Para-Mallam asked for Christians outside of Nigeria to help by offering prayer, advocacy, and humanitarian intervention. 

“We also want fellow believers to encourage policymakers to encourage the Nigerian government to do more to end the killings in general and particularly those targeted at Christians,” he said. 

For several years now, religious freedom advocates have criticized the U.S. government for failing to include Nigeria in the State Department’s “Countries of Particular Concern” list, which some consider to be America’s most effective tool to encourage foreign governments to address the persecutions in their countries. 

“There is no justification as to why the State Department did not designate Nigeria or India as a Country of Particular Concern,” said U.S. Commission on International Religious Freedom chair Abraham Cooper and vice chair Frederick Davie in a Jan. 4 statement.

Cooper and Davie mentioned the Christmas massacre as “just the latest example of deadly violence against religious communities in Nigeria.”
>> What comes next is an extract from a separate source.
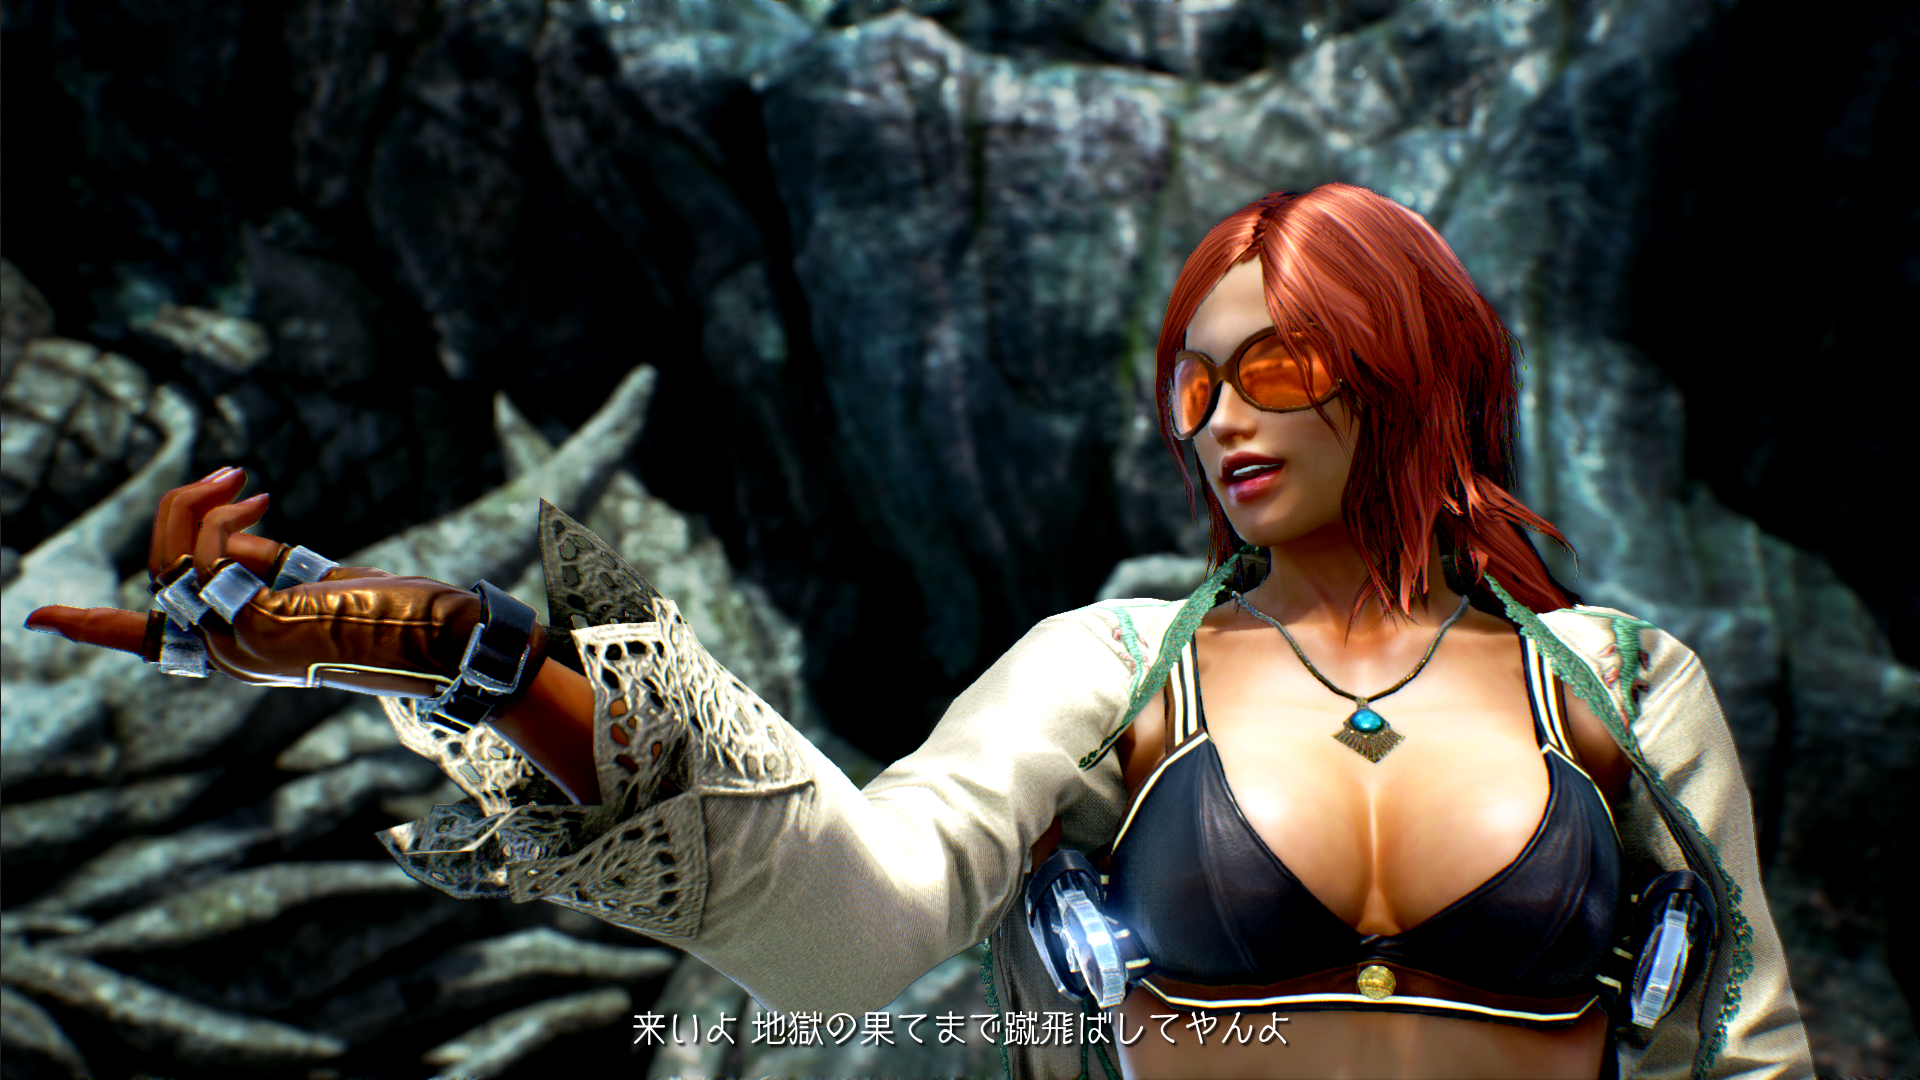 tekken 7 master raven artwork amp gameplay full balance
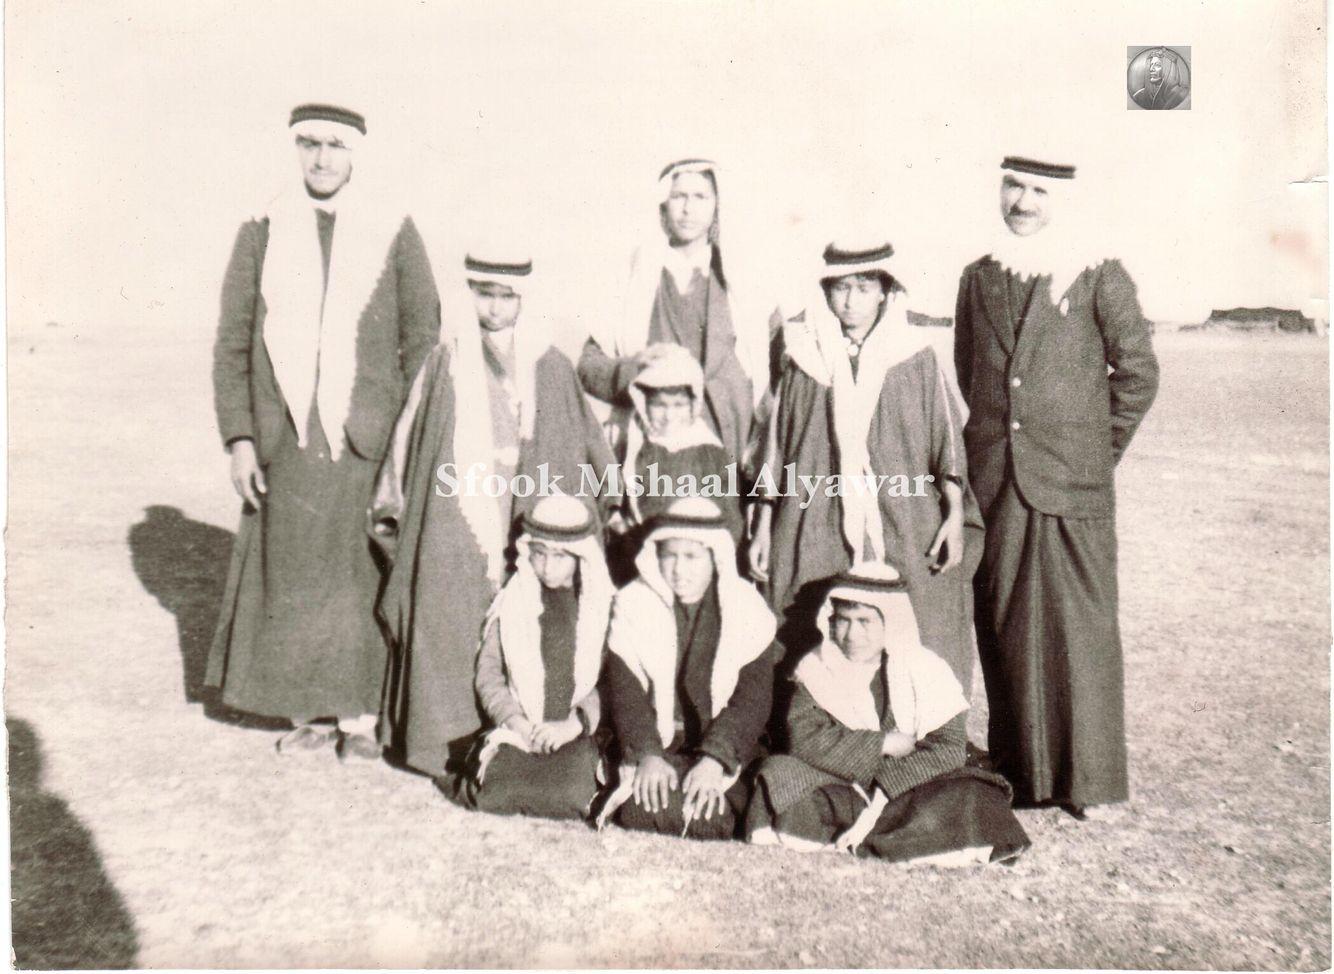 ابناء الشيخ عجيل الياور مع معلمين مدرسة شمر عجيل في البادية العراقية ١٩٣٥م Baghdad Iraq Baghdad Iraq

Speaking on “EWTN News Nightly” on Monday, Davie said that the decision to leave Nigeria off the list was “particularly” concerning and a “huge mistake.” 

Davie told EWTN that “there are some who are saying that the government [of Nigeria] if it is not actively participating in some of this religious persecution is actually standing by and not doing what it can to prevent it.”

“We just believe,” Davie explained, “that by designating Nigeria a Country of Particular Concern, the United States puts itself in a position to work more closely with the government of Nigeria to address some of those fundamental security issues that are going unattended to.”

Despite this, the State Department has left Nigeria off the Countries of Particular Concern list since 2021.